Теперь толпы народа устремились к площади, чтобы посмотреть последнее театральное представление. Тут и там вспыхивают бенгальские огни, освещая кучки веселых людей; мальчишки при свете факелов ищут в траве неразорвавшиеся петарды и прочие трофеи, которые еще могут пригодиться. Но вот прозвучала музыка, и все поспешили к театральному помосту.

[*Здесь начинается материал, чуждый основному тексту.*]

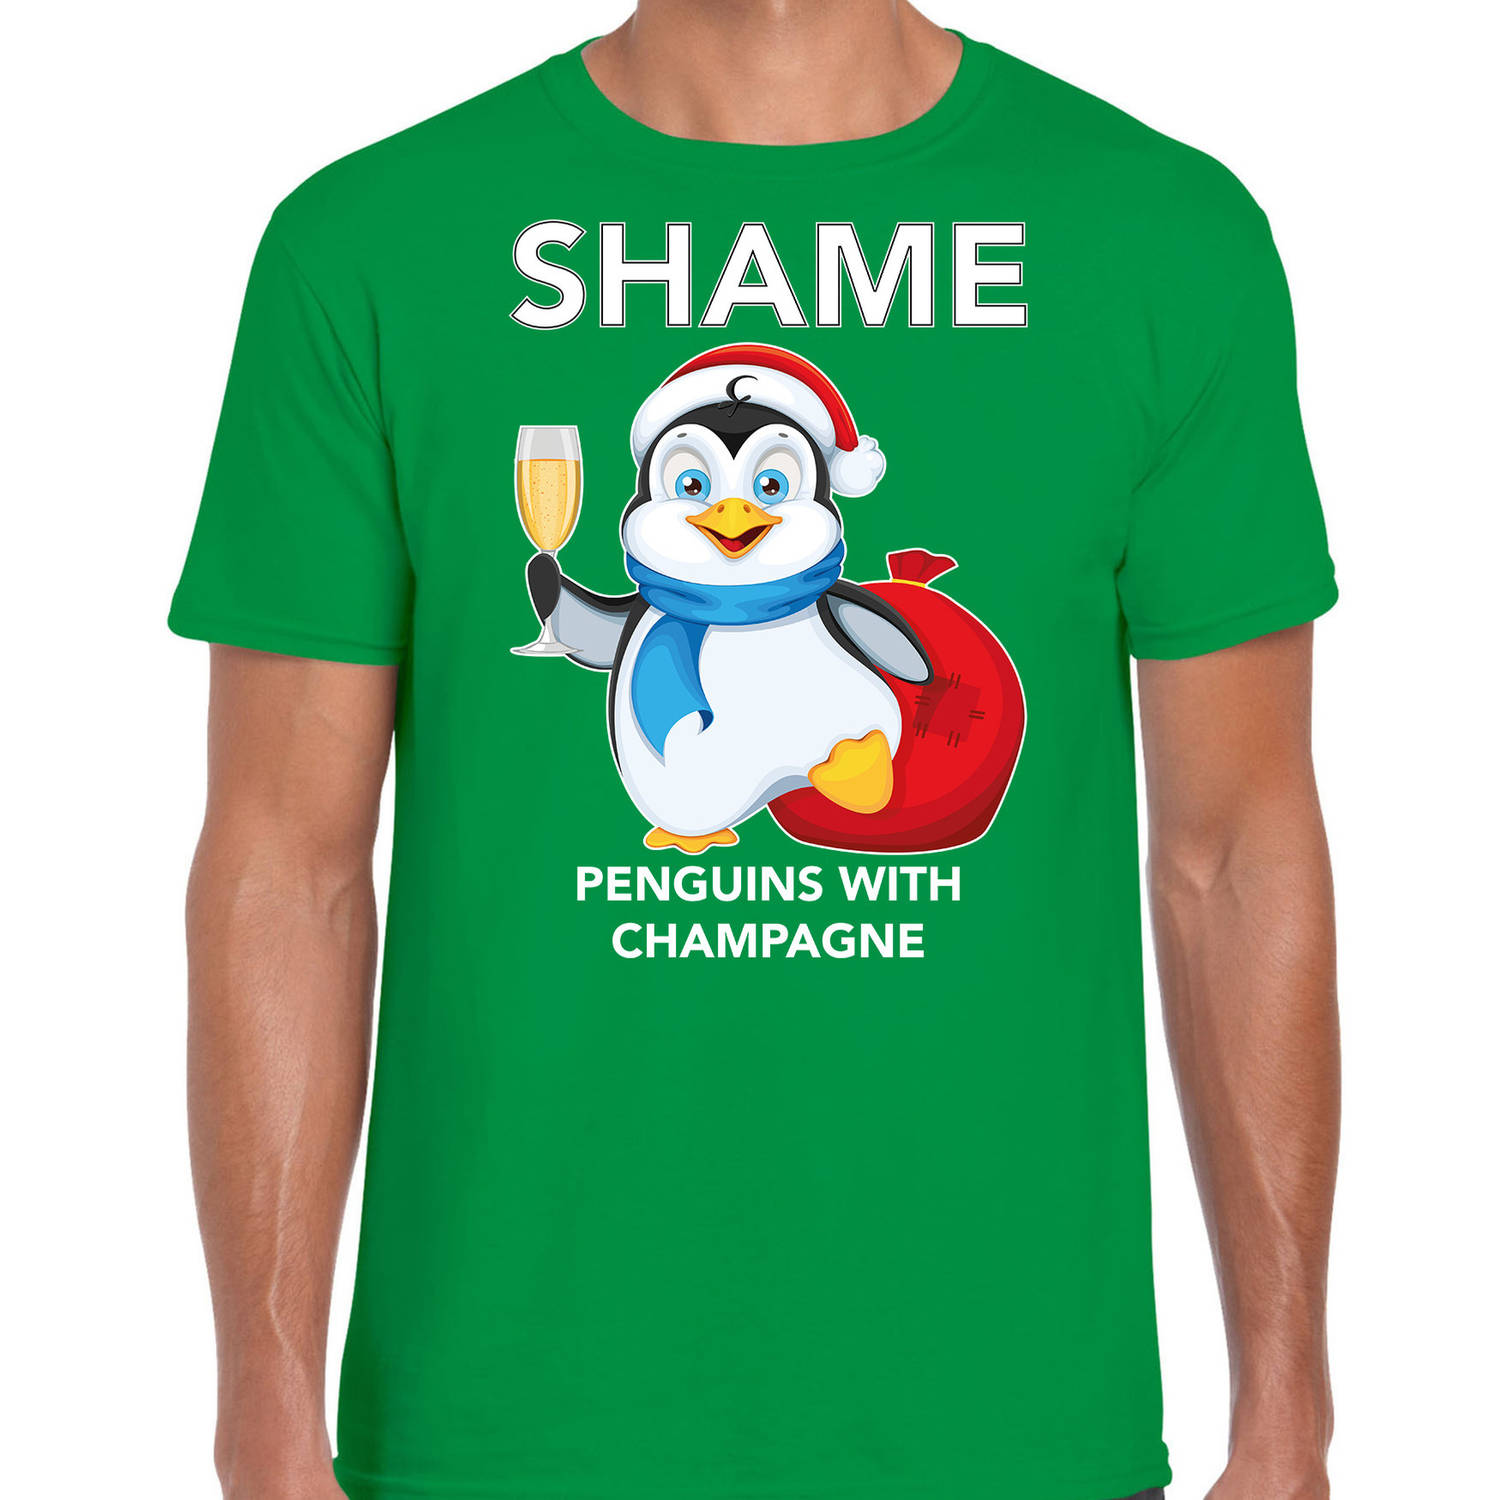 Groen Kerst shirt/ Kerstkleding met pinguin Shame penguins with champagne voor heren S - kerst t-shirts
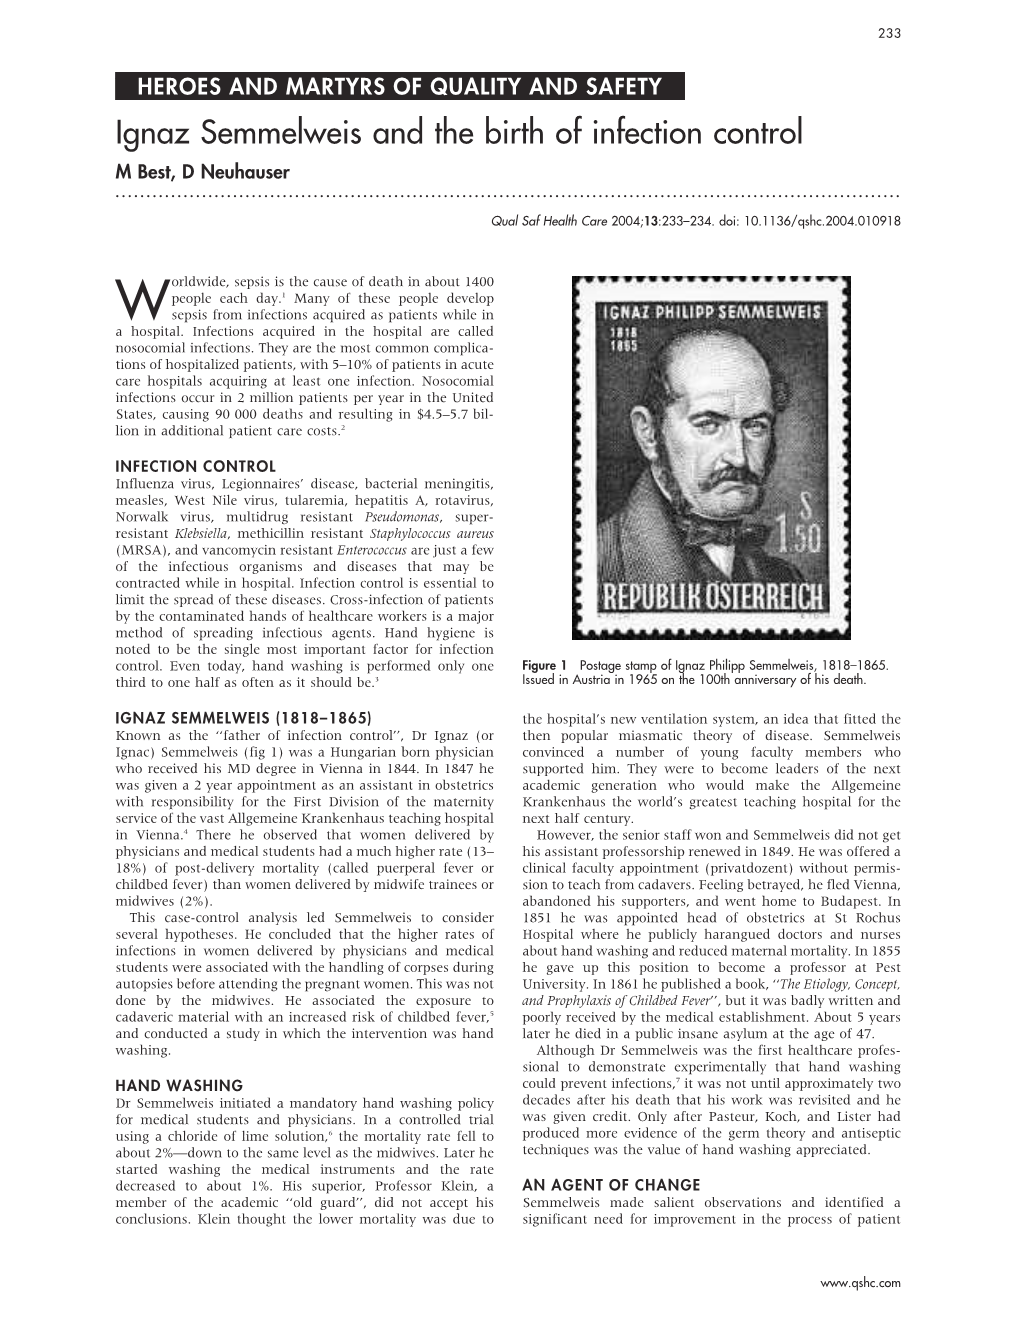 Ignaz Semmelweis and the Birth of Infection Control M Best, D Neuhauser

Огромная сцена ярко освещена. Многочисленные фонарики обвивают столбы, свисают с потолка, усеивают пол. За освещением присматривает альгуасил, и, когда он выходит вперед, чтобы поправить огоньки, толпа начинает свистеть и кричать: "Вот он! Вот он!"
Перед сценой оркестранты настраивают инструменты что-то наигрывают. Рядом с оркестром открытая ложа, у которой писал корреспондент в своем письме: сановные особы, испанцы и приезжие богачи сидят на расставленных в ряд стульях. Простой народ, люди без титулов и чинов заполняют пространство позади них. Некоторые принесли с собой скамейки не для того, чтобы сидеть, а чтобы взобраться на них. Это вызывает протесты тех, у кого нет скамеек, и нарушителей стаскивают вниз, однако они тут же снова оказываются на скамейках как ни в чем не бывало.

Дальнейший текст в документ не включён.